Emissions-intensive trade-exposed industries will receive significant assistance in meeting permit obligations.

Specifically, Australia’s coal-fired generators would see $3.9 billion in free permits over five years, with the biggest of them benefiting the most. Says Innovest: "The handouts are concentrated among the largest and highest emitting brown coal-fired generators in Victoria." Additionally:

  • Aluminum smelters, cement and steel makers will receive assistance covering 90 percent of industry average emissions.
  • Alumina refiners, petroleum refiners and LNG producers will receive 60 percent of permits for free.

A quarter of the total permits in the system would be handed out for free and to the worst offenders. According to Innovest, that percentage could rise to 45 percent by 2020.

The plan is set to go into effect in 2010.

While it is true that it is an improvement over Europe’s Emissions Trading Scheme (ETS) – which gave away 100 percent of its permits for free and provided zero incentives to develop clean generation – it’s still bad. The far wiser choice for Australia would be to auction off all rights to pollute from the outset – a method that forces polluters to pay and generates revenue for clean energy, efficiency technologies and green jobs.

ETS is now moving in that direction. The ten Northeastern states adopted the auction method for the Regional Greenhouse Gas Initiative. And President Obama, in his cap-and-trade plan, pledged support for an auction of 100 percent of pollution permits – the best you can ask for.

So why not Australia?

On December 3, 2007 – on the very same day he was sworn in as Australia’s prime minister – Kevin Rudd signed the Kyoto Protocol.

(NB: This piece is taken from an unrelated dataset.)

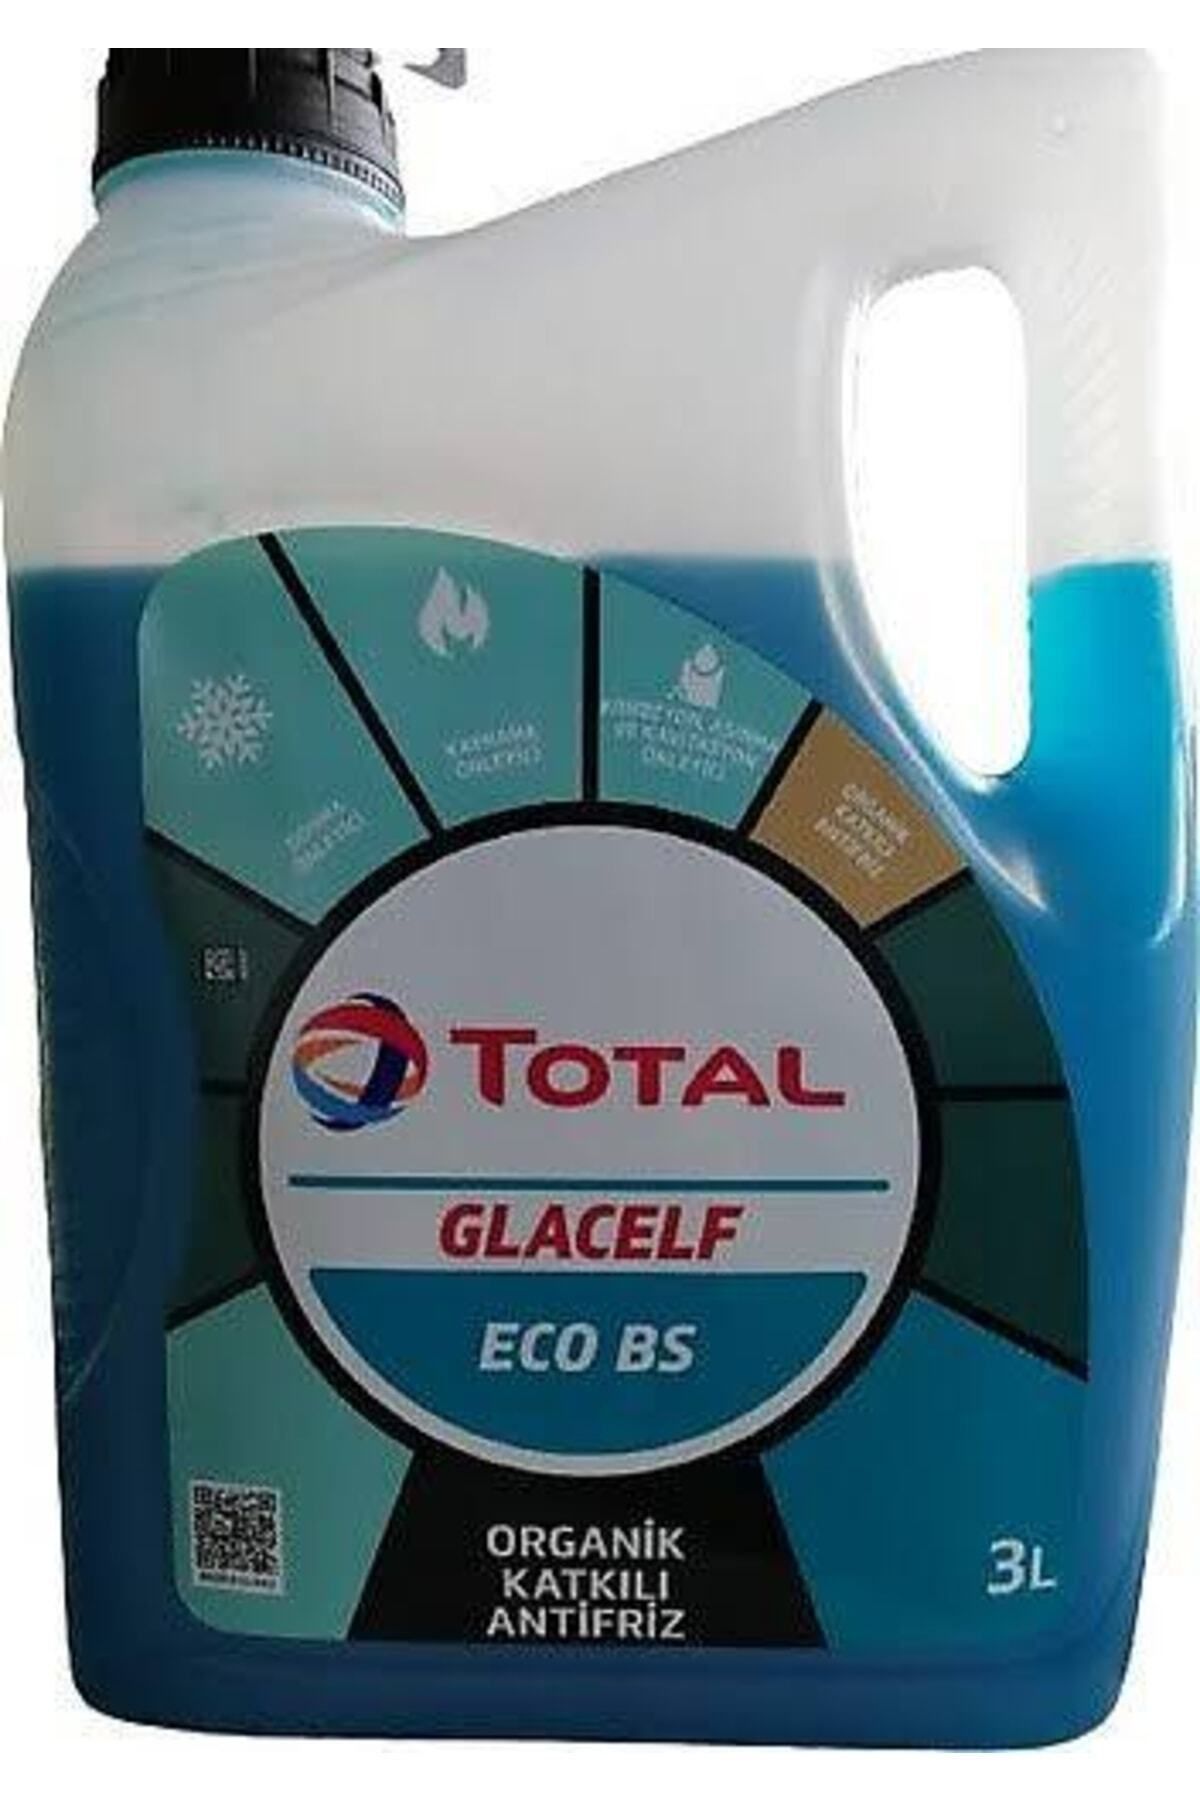 Total Glacelf Eco Bs Organik Katkılı Antifiriz 3 Litre

With a stroke of a pen he broke the Australian government’s cycle of climate denial.

A national climate action plan was drafted – the Australian Carbon Pollution Reduction Scheme. Emissions trading was to be a central piece. As the scheme evolved, there was hope that it wouldn’t be weakened by measures that would undermine the benefits it creates.

So much for that. Tighter regs fell victim to lobbying, and the plan is now full of compensation for heavily polluting industries. On top of that, the overall target is not adequate for the task at hand: a five percent reduction in emissions from 2000 levels by 2020. If the world forges a global climate treaty, that number could grow to 15 percent by 2020. The plan’s long-range target is a 60 percent reduction from 2000 levels by 2050.

The science dictates far more. And Australia, you would think, would get that. Gripped in a drought of epic proportions and battered by extreme heat, it’s already seeing first-hand the signs of climate change, and feeling the economic aftereffects.

It’s important to note that what happens in Australia on energy and climate matters everywhere, and vice versa: It’s the world’s biggest exporter of coal. In fact, the emissions it spews from feeding the world’s coal appetite exceed Australia’s entire domestic carbon footprint. Worse yet, its coal exports are growing wildly. All major coal ports are currently undergoing expansion. And get this: Prime Minister Rudd has said he wants to double his nation’s exports of the dirtiest fossil fuel on Earth.

In a letter to the prime minister in March 2008, leading climate scientist James Hansen made a plea:

If Australia halted construction of coal-fired power plants that do not capture and sequester the CO2, it could be a tipping point for the world.

With its cap-and-giveaway scheme and big coal aspirations, it appears that Australia is indeed tipping the world – in the wrong direction.